As far as BPL was concerned, there were some"distinguishing” factors to be taken into account in any discussion on regulatory classification, UPLC’s Kilbourne said. BPL wasn’t just a technical and commercial offering but also had internal applications for the power utility. The BPL industry’s take on the 9th Circuit’s decision was “stay tuned,” he said. The FCC clearly was going to challenge the decision, Kilbourne said: “We don’t know how things are going to come out but it certainly looks as though the FCC will ultimately gets its way. The added level of [regulatory] uncertainty is the only concern we have.” Of equal concern to BPL was the jurisdictional issue of whether BPL would be subject to potentially conflicting federal and local regulations that might occur in so far as states had jurisdiction over local telecommunications, he said. To the extent that BPL systems are capable of providing voice-type services or even that they simply are providing Internet services, “you could see the states taking that on,” Kilbourne said: “So our position at this point is wait and see.”

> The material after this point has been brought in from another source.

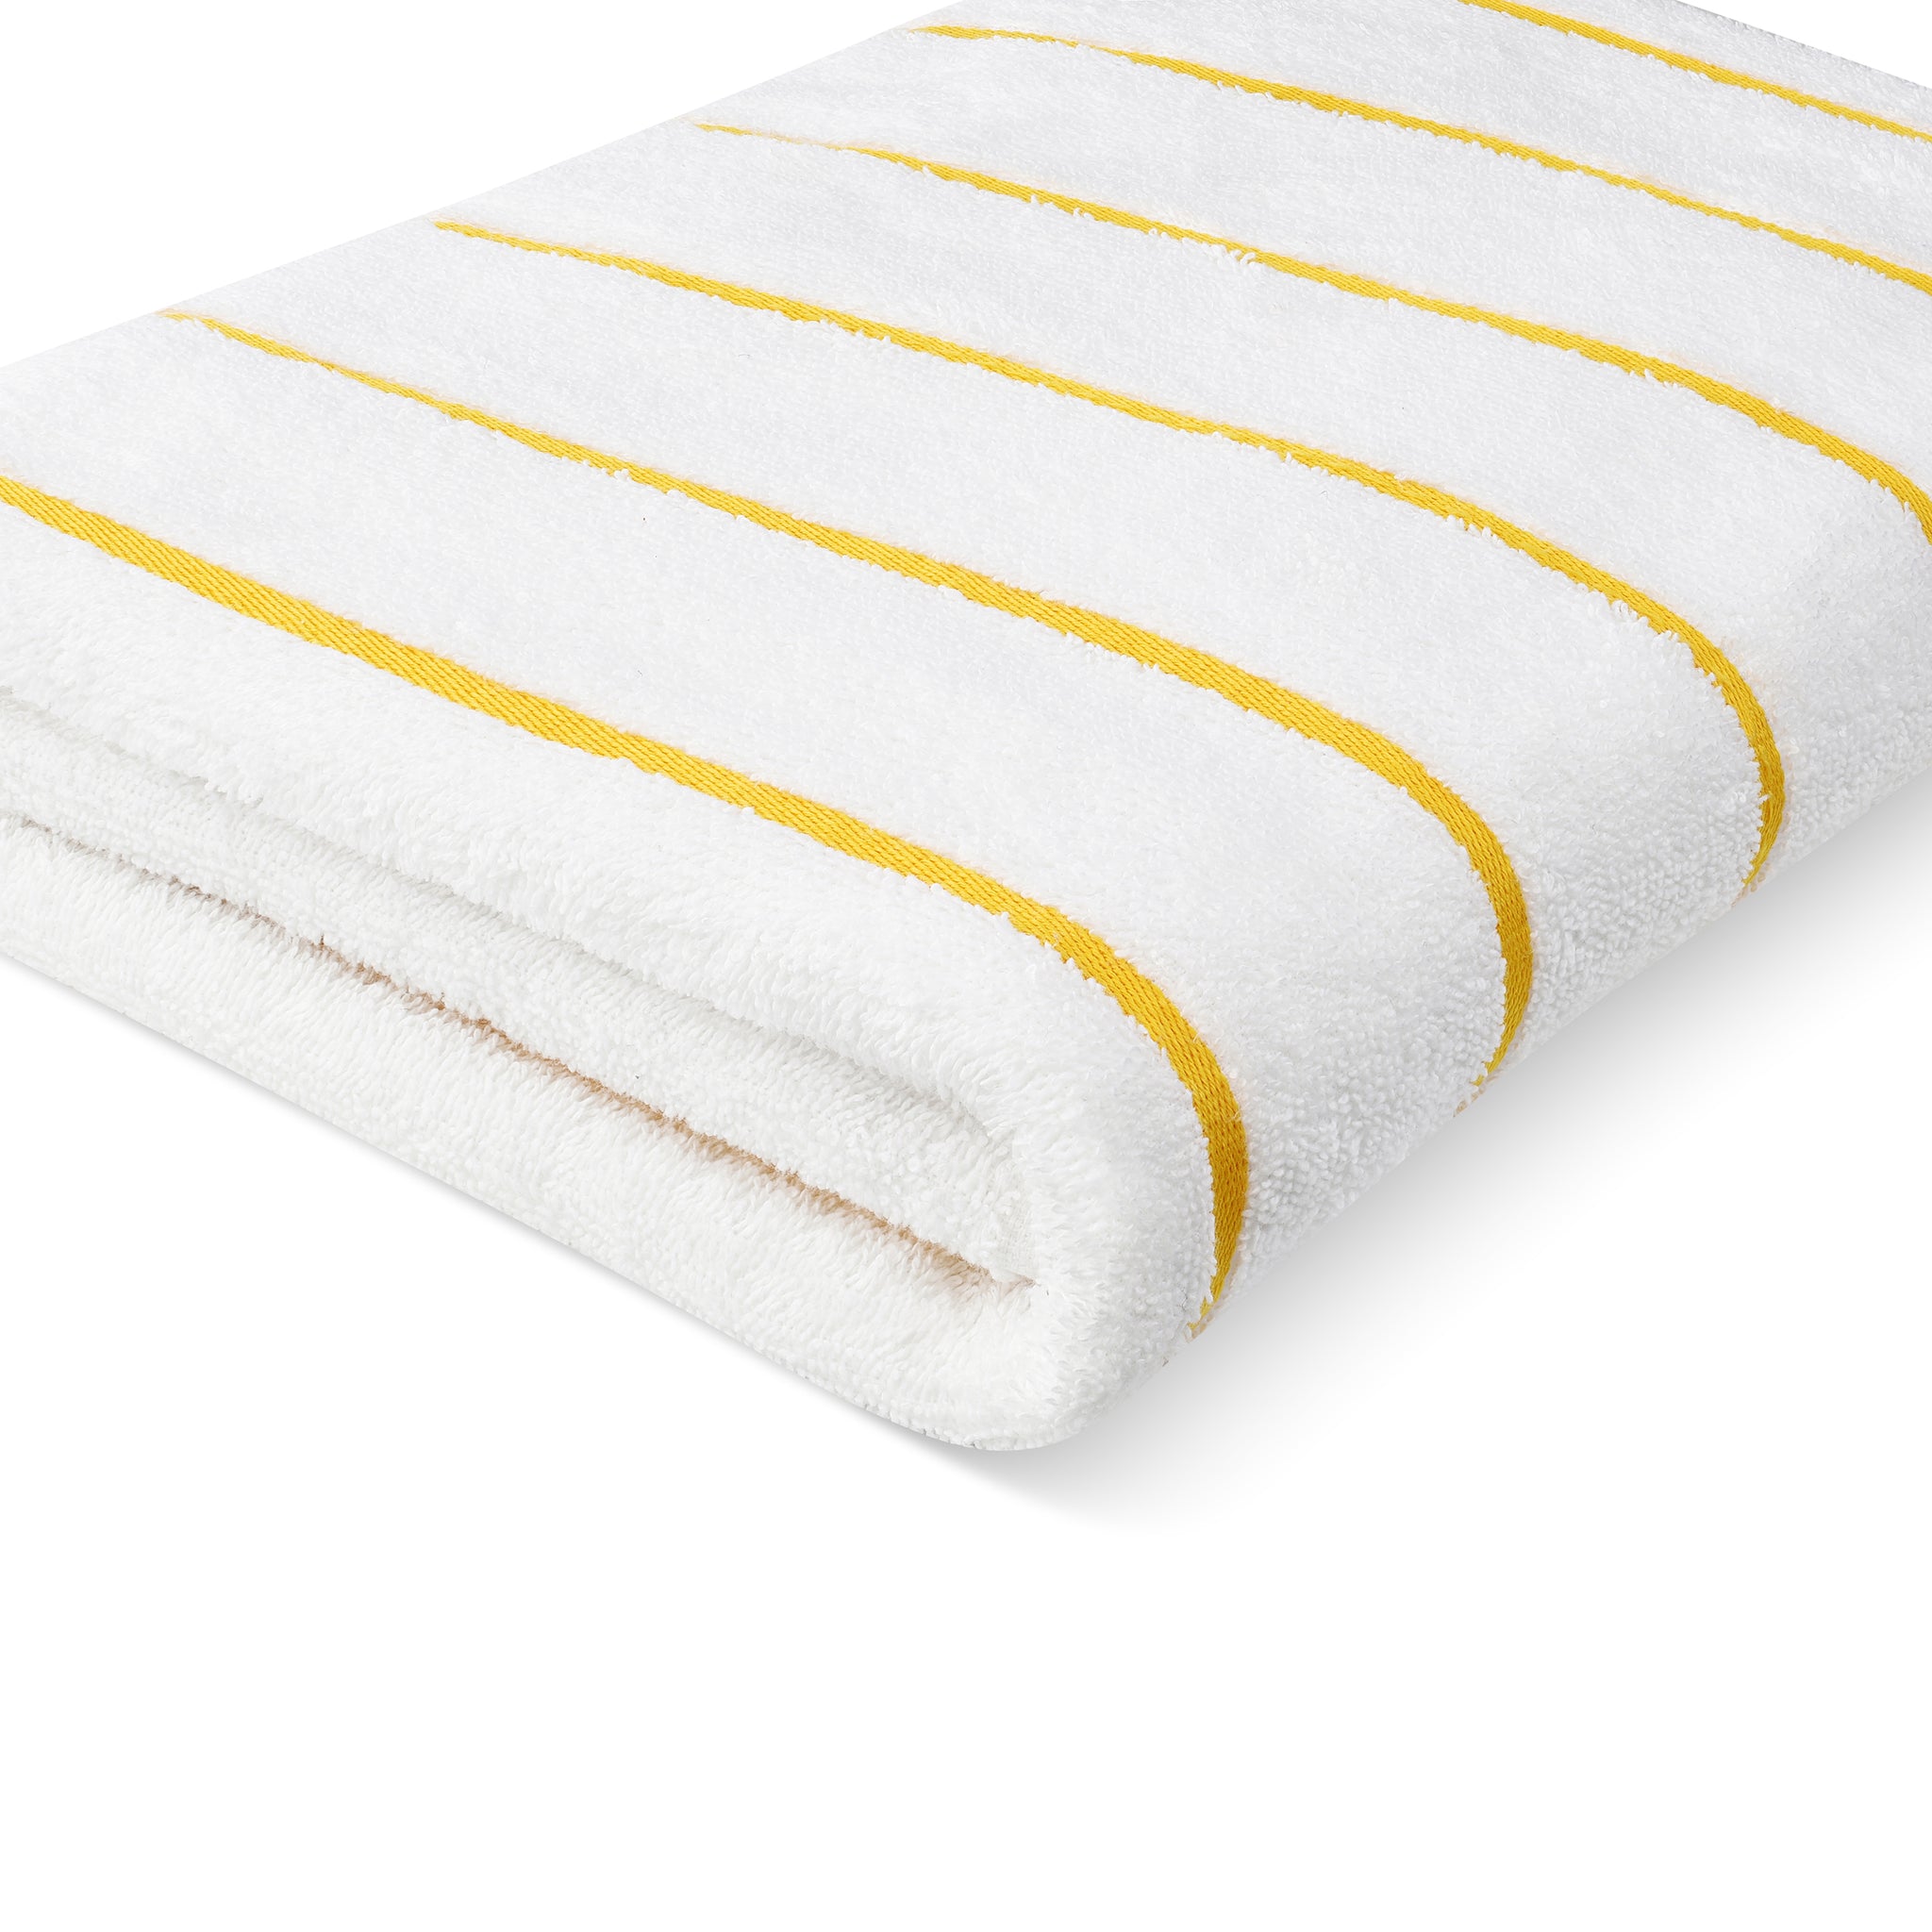 Bath Towels by MIMAATEX-6 Pack-White 100% Cotton 24x50 Inch Bath
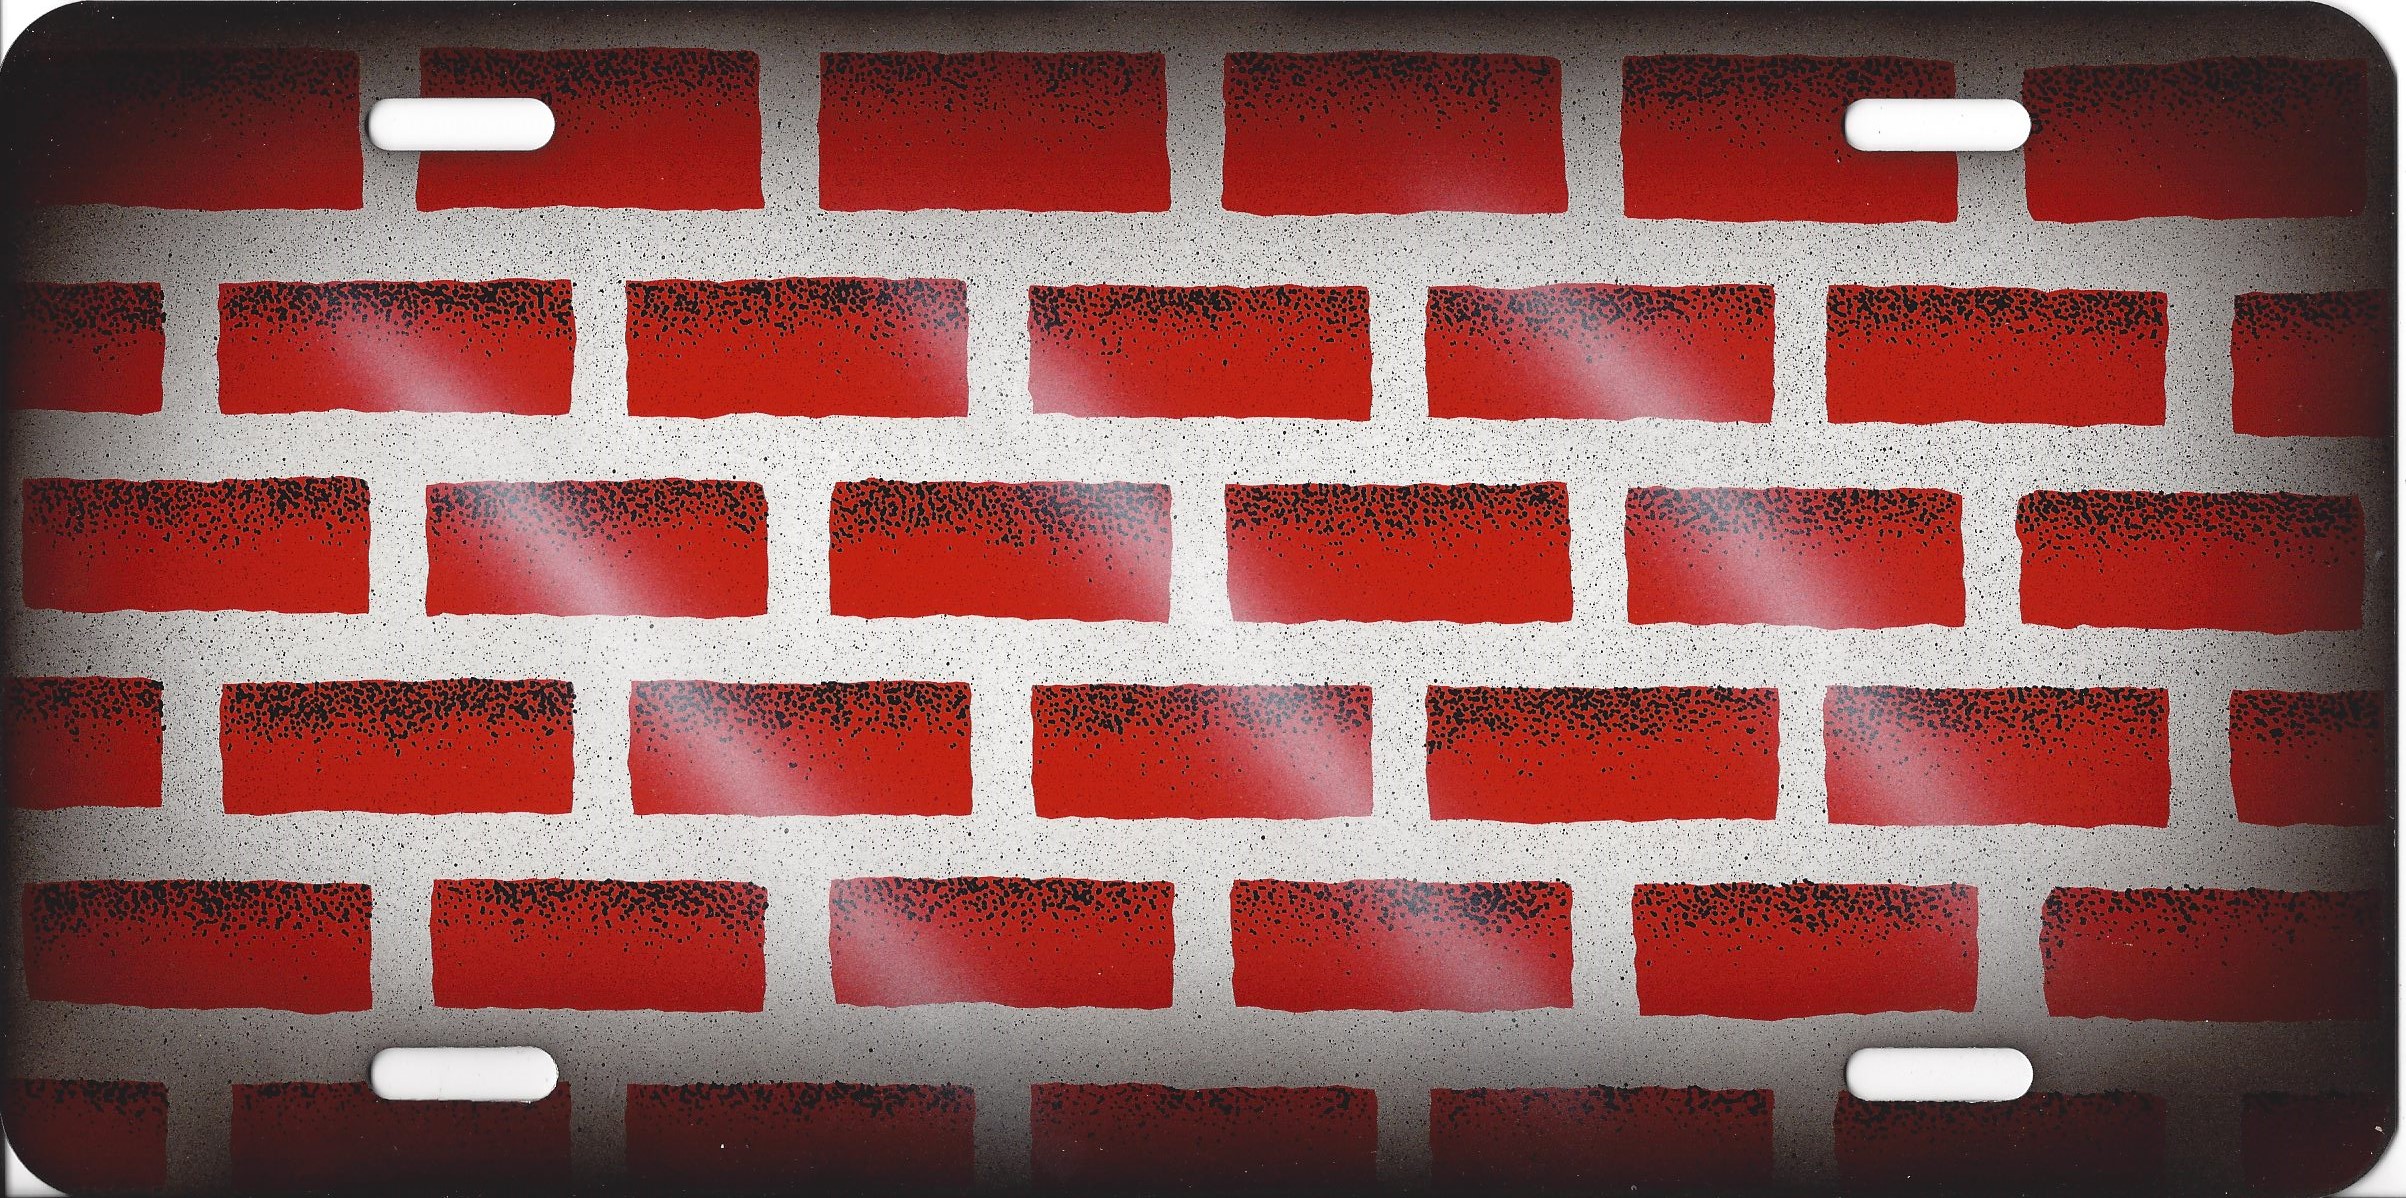 Full Red Brick Wall Photo LICENSE PLATE  Free Personalization on this PLATE

The industry also appeared to be banking on the FCC’s forbearance authority in case BPL classification became involved in court battles. Citing the agency’s forbearance proceedings, PLCA’s Shark said: “If it turns out that we are swept in under a different regulatory pattern, we think the FCC has ample room to exclude us, at least during the fragile stages of our development.” Another factor working for BPL is that there was “enormous support” from the Commission on the policy side to “see that this [BPL] works for all the right reasons,” he said. From the nascent technology doctrine propounded by Comr. Abernathy to the views expressed by Chmn. Powell, Shark said, “there was no contentiousness. All the people think that BPL is a positive step for the consumer.”

On the question of likely open access requirements on BPL for carriage of multiple ISPs, Kilbourne said the industry’s position always had been that “we welcome open access and it’s not an issue.” Given that, he said, there was little need for BPL to be regulated by state or local govts. or the FCC on the issue. The current BPL systems technically were capable of carrying multiple ISPs, he said, but it still wasn’t possible for them to provide access to multiple BPL providers. Carriage of multiple ISPs was possible, said Shark, but it depended on the manufacturers, pointing out that there were 4 competing technologies.